Studio album by NEWS
- Released: April 27, 2005
- Genre: Japanese Pop
- Length: 56:13 (limited) 61:24 (regular)
- Label: Johnny & Associates

NEWS chronology
|  | Touch (2005) | Pacific (2008) |

Singles from touch
- "NEWS NIPPON" Released: November 7, 2003; "Kibou ~Yell~" Released: May 12, 2004; "Akaku Moyuru Taiyou" Released: August 11, 2004; "Cherish" Released: March 16, 2005;

= Touch (NEWS album) =

Touch is the first studio album by Japanese musical group NEWS, released on April 27, 2005. The album reached the number one position on the Oricon Daily Album Chart and Oricon Weekly Album Chart. Four singles have been released from this album.

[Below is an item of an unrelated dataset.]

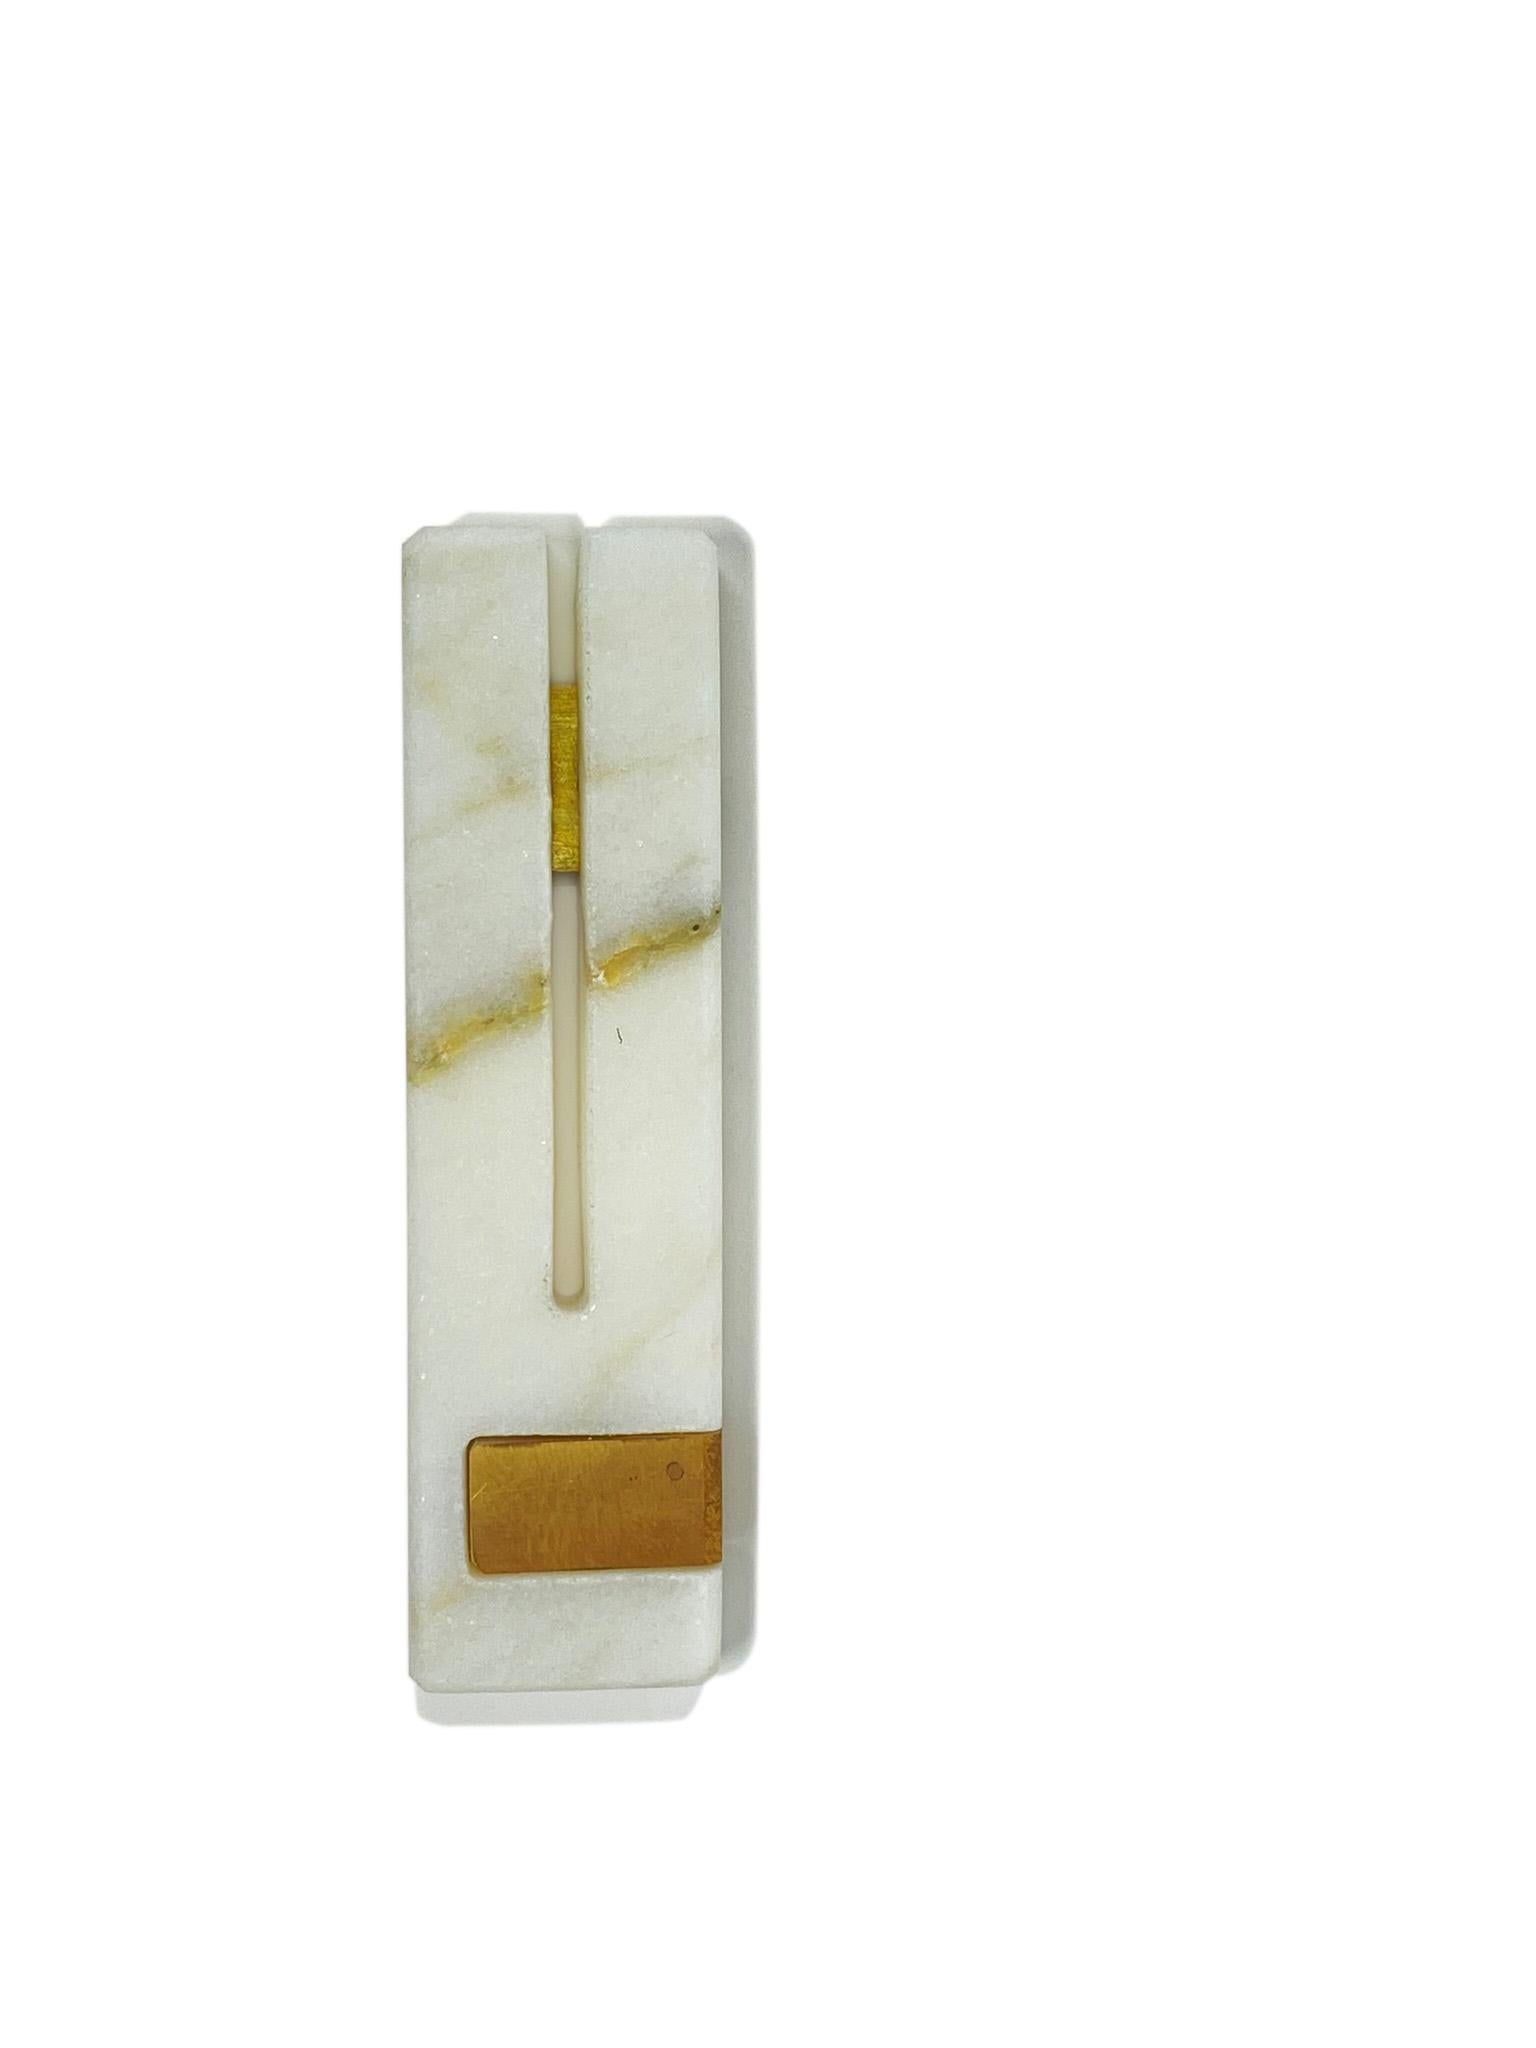 The “Brass” place holders, entirely made of Calacatta Oro marble, are exclusive place holders holders embellished with a brass tab that runs along the object from one end to the other, giving it a further touch of refined style. 

The Brass place

==Tie-ups and theme songs==
"Kibou ~Yell~" was used as the theme song for the 2004 Men's World Olympic Volleyball qualification tournaments for Japanese television broadcasting. "Kirameki no Kanata e" was used as the image song for the 36th Spring High School Volleyball tournament, as well as the Nivea "8x4 Powder Spray" commercial song. "Akaku Moyuru Taiyou" was used as the image song for the 2004 Japanese Fuji Television broadcast of the FIVB World Grand Prix. "Cherish" was used as the TBC "Good News" Campaign Song. "NEWS Nippon" was used as the 2003 Volleyball World Cup Japanese broadcast song.

==Track listing==

Notes
- All of Takahiro Moriuchi's lines in "NEWS NIPPON" were re-recorded by other members of the group for the version on this album.

Limited edition
| No. | Title | Lyrics | Music | Length |
|---|---|---|---|---|
| 1. | "Kibou ~Yell~" | Ide Kouji | Ide Kouji | 4:35 |
| 2. | "Kirameki no Kanata e" | Sakai Mikio | Sakai Mikio | 5:01 |
| 3. | "Akaku Moyuru Taiyou" | Satomi | Shusui, Stefan Engblom, Axel Belinder | 4:31 |
| 4. | "I・ZA・NA・I・ZU・KI" | Kondo Natsuko | Joey Carbone, David Kater, Jay Condiotti | 4:00 |
| 5. | "Love Song" | Yamashita Tomohisa | Yamashita Tomohisa | 5:20 |
| 6. | "Zutto" | Kondo Natsuko | Ueno Kouji | 4:10 |
| 7. | "High TEN!" | Kizuki Mihiro | Maejima Yasuaki | 4:15 |
| 8. | "Koiyake" | Kizuki Mihiro | Shusui, Henric Uhrbom, Julius Bengtsson | 2:59 |
| 9. | "Shissho! Friday Night" | Matsuki Taijirou | Matsuki Taijirou | 2:25 |
| 10. | "Say Hello" | ARCHIBOLD, Atoji Makoto, 春和文 | ARCHIBOLD | 4:11 |
| 11. | "Cherish" | Fukushi Kentarou | Fukushi Kentarou | 4:23 |
| 12. | "Yawarakana Mama de" | KNM PROJECT | Makaino Kouji | 4:55 |
| 13. | "NEWS NIPPON" | KNM PROJECT | Makaino Yasuji | 4:39 |
| 14. | "Yume no kazu dake ai ga umareru (A cappella version)" | zopp | Larry Forsberg, Sven-inge Sjoberg, Lennart Wastesson | 1:35 |

Regular edition
| No. | Title | Lyrics | Music | Length |
|---|---|---|---|---|
| 15. | "Stand Up (rock version)" | Kurosu Chihiro | Richard Fairbrass, Christopher Fairbrass, Clyde Ward | 3:49 |

==DVD==
A DVD came with the limited-edition version of the album. It contained a "PRIVATE MOVIE" section of the members pretending to go on dates with viewers, "CONCERT" section with a performance of "Yume no Kazu dake Ai ga Umareru" from the NEWSnowConcert, and a "MESSAGE" section with a brief message about the album from each member.